At Athena, Eliot has operationalized this philosophy through a system he calls Executive Daily Focus — a structured, repeatable process that combines AI-generated summaries, pre-drafted responses, and assistant-led prioritization to optimize delegation and dramatically reduce time spent on low-value tasks.
It's part of a broader approach Eliot describes as training on both fronts: helping team members leverage AI for efficiency, while simultaneously investing in distinctly human skills like leadership, motivation, and communication.

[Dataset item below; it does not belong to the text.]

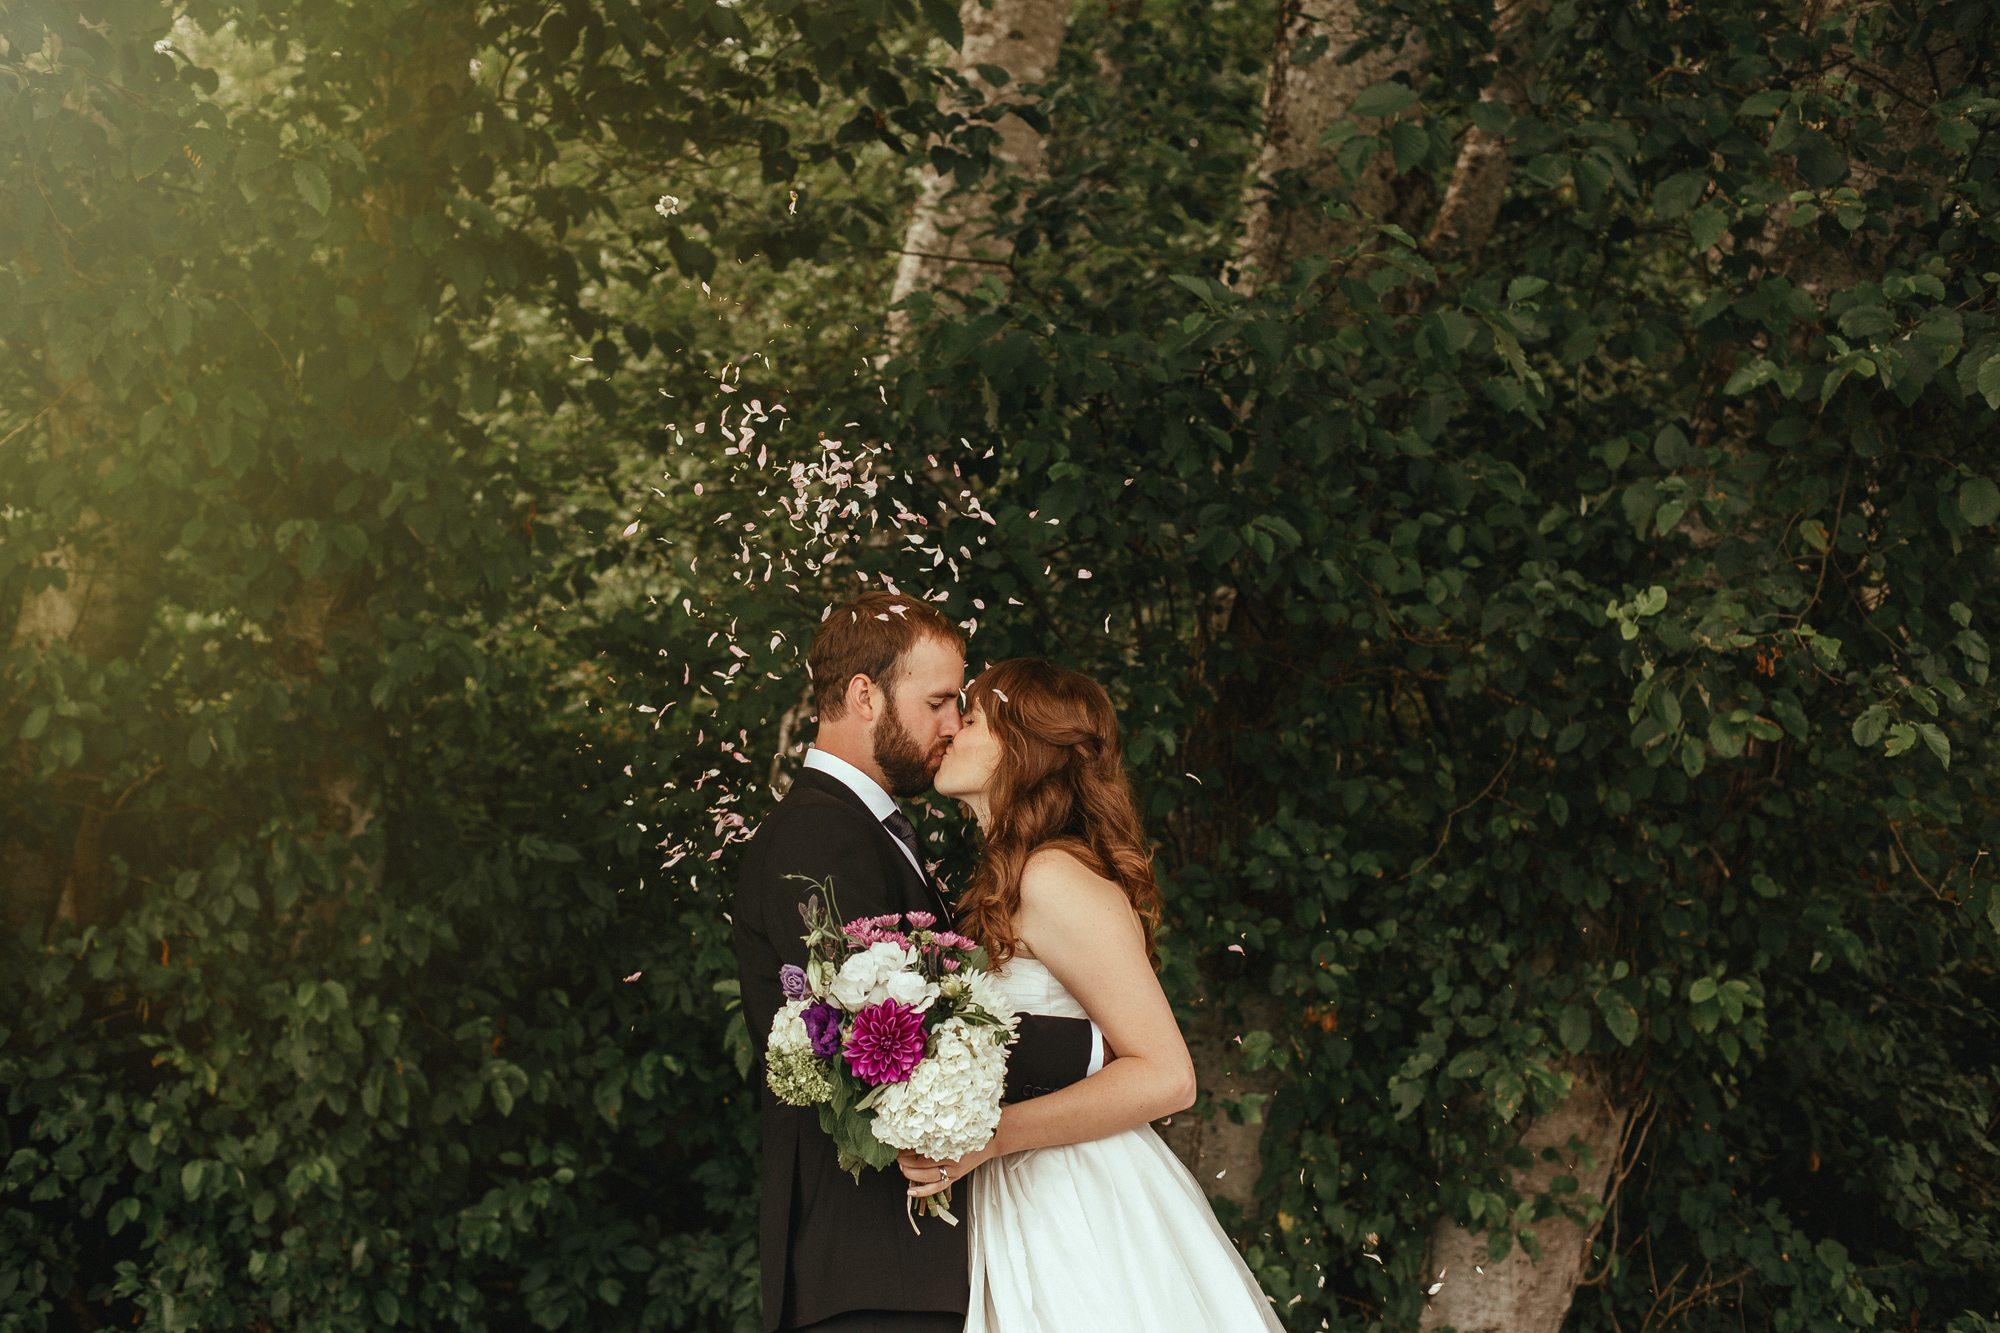 gibsons-wedding-photography-robert-devon32

Jennifer echoed the importance of this balance, saying, "AI can’t replace judgment, but it can provide better data to support it." Her team is actively exploring ways to use AI to improve data accessibility and reduce time-to-insight — especially in deal evaluation — but always with a human making the final call.
The takeaway? As AI takes over repetitive or time-consuming tasks, the value of human discernment only increases. Top teams are designing systems that amplify both — and in doing so, they're multiplying their impact.
Start with the use case, not with the tool
Both Jennifer and Eliot emphasized that simply giving teams access to AI tools isn't enough. They've found that defining clear use cases, relevant context, and tangible outcomes, has led to the most useful and effective adoption of AI tools.
To drive real adoption, Jennifer and her team now take a hands-on, prescriptive approach — one that focuses on immediate value and practical application.
Jennifer noted, "We call it the bear hug approach: here's a tool, here are three ways to use it, and here's why it matters to you."
The bottom line? Successful AI adoption isn't about what's possible — it's about what's useful, today. Teams should start with specific workflows tied to their core business outcomes, and build momentum from there.
Final thoughts: start now, scale deliberately
AI is no longer optional. It's not enough to simply wait for shiny new tools — teams need to intentionally embrace AI in their core workflows or get left behind.
Leaders need to support their teams today with the best AI in core workflows and with culture change — via training, defined use cases and goals, and an intentional approach to automation and AI-assisted decision making.